Scientific Proof of God, A New and Modern Bible, and Coexisting Relations of God and the Universe

Friday, February 29, 2008

More on Sam Harris and Neurology

In their research on neurological beliefs, Harris et al are assuming that statements can be classified perfectly so they can be identified as either true or false. This perfection has been achieved only in the physical sciences when it found physical laws. But, this perfection and physical science apply only to nonliving things. This perfection has never achieved in living things. I say that this perfection will never be achieved on living things because God exists and is creating nonliving and living things.

So, I believe that Harris et al will never be able to prove that a law will be found on the relations between neurons and human behaviors and human beliefs. So, if this research project is funded by the US government, the governmental funding of Harris et al research is taxpayer waste. In general, I say that ‘life science’ researchers are fools to follow the research paths of the physical sciences.

Below are the Editor’s excellent comments on Harris et al research.

This Editorial of the American Neurological Association (Published by Wiley) highlights the article, "A Neurology of Belief " by Oliver Sacks, MD, FRCP and Joy Hirsch, PhD, Columbia University Medical Center. This article discusses the research of Harris et al on neurological beliefs: This Editorial summarizes this article as follows:

1. That Harris’ enhances our understanding of a uniquely human cognitive ability to distinguish the true from the untrue.

2. That Harris supports "Spinoza’s conjecture that the mere comprehension of a statement entails the tacit acceptance of its being true," an almost reflexive, if provisional, assent, to be followed by a more deliberate weighing and assessment.

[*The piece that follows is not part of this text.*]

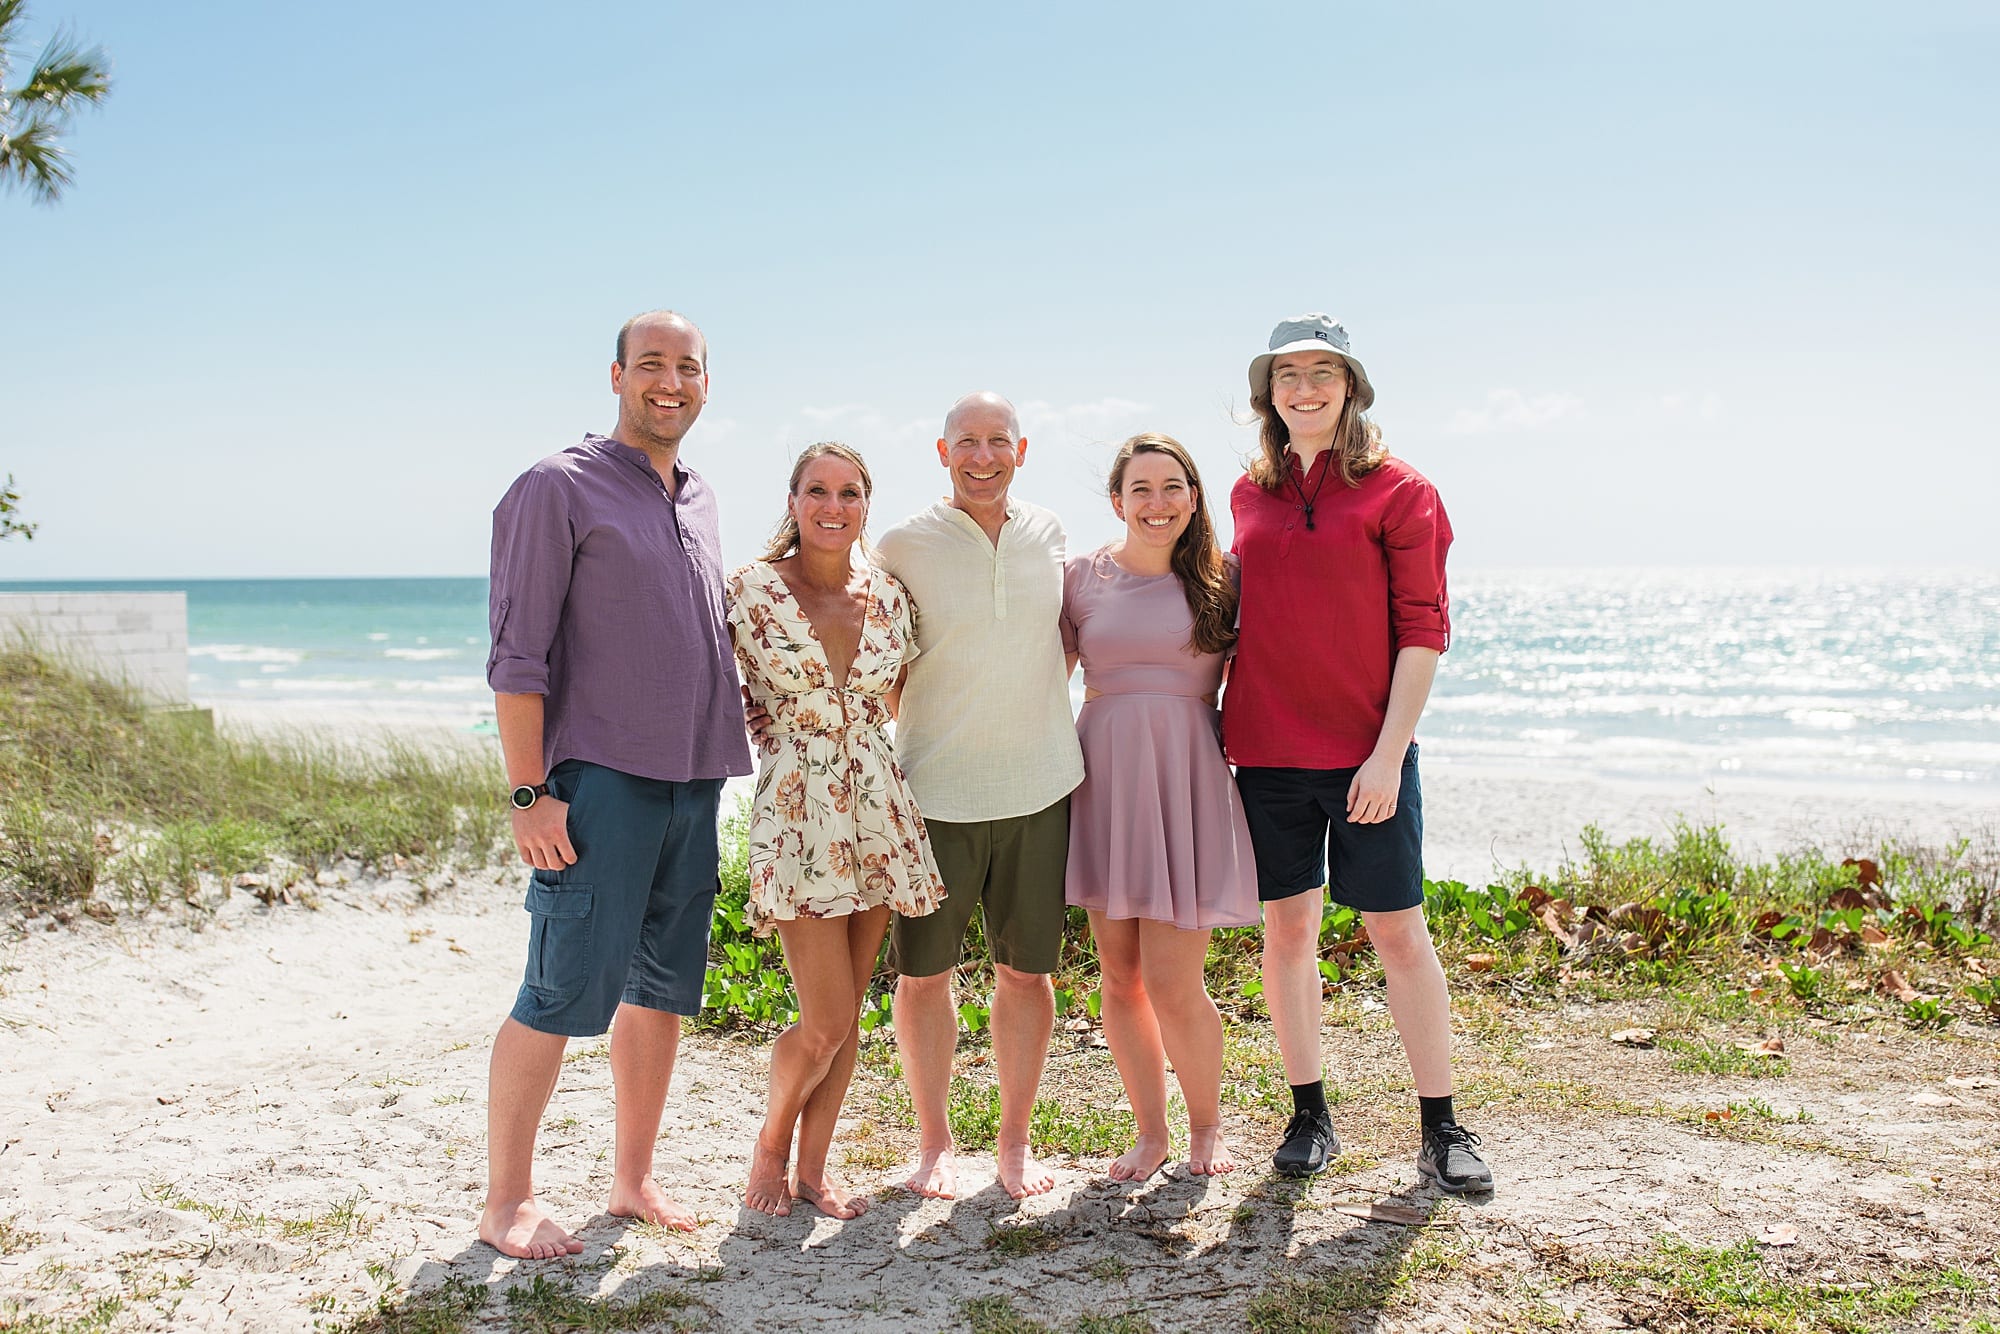 Adult Family of five smiling on the sandy beach with the blue ocean and sky behind them

Human beings, in other words, are wired to "accept appearances as reality until they prove otherwise." This seems to us to ring true.

3. That Harris finds that all reactions of assent or acceptance (or belief, if one prefers) are neurophysiologically identical, whether propositional judgments are made in the highly charged realm of ethical or religious issues or the seemingly neutral realm of arithmetical statements.

4. That if Harris’ results can be duplicated, Harris et al. will have made a fascinating discovery.

5. But are there different kinds of belief? Is belief in a simple statement whose truth can be checked (such as"Jesus spoke 2,467 words in the New Testament") comparable to forms of belief which we call "faith" or conviction, where assent is given to transcendent propositions which lie beyond the realm of evidence (such as belief in a soul, a god, heaven or hell)?

6. These are all questions for future research, and one hopes that such questions will now be addressed by Harris et al., as well as by other researchers. Harris and his colleagues have set up an original and elegant series of experiments, and that they have achieved such clearcut results represents a brilliant beginning to what we hope will be a whole series of ever deeper and more probing studies on the neurology of belief, a crucial aspect of human behavior and identity which has, until now, been beyond the reach of neuroscience.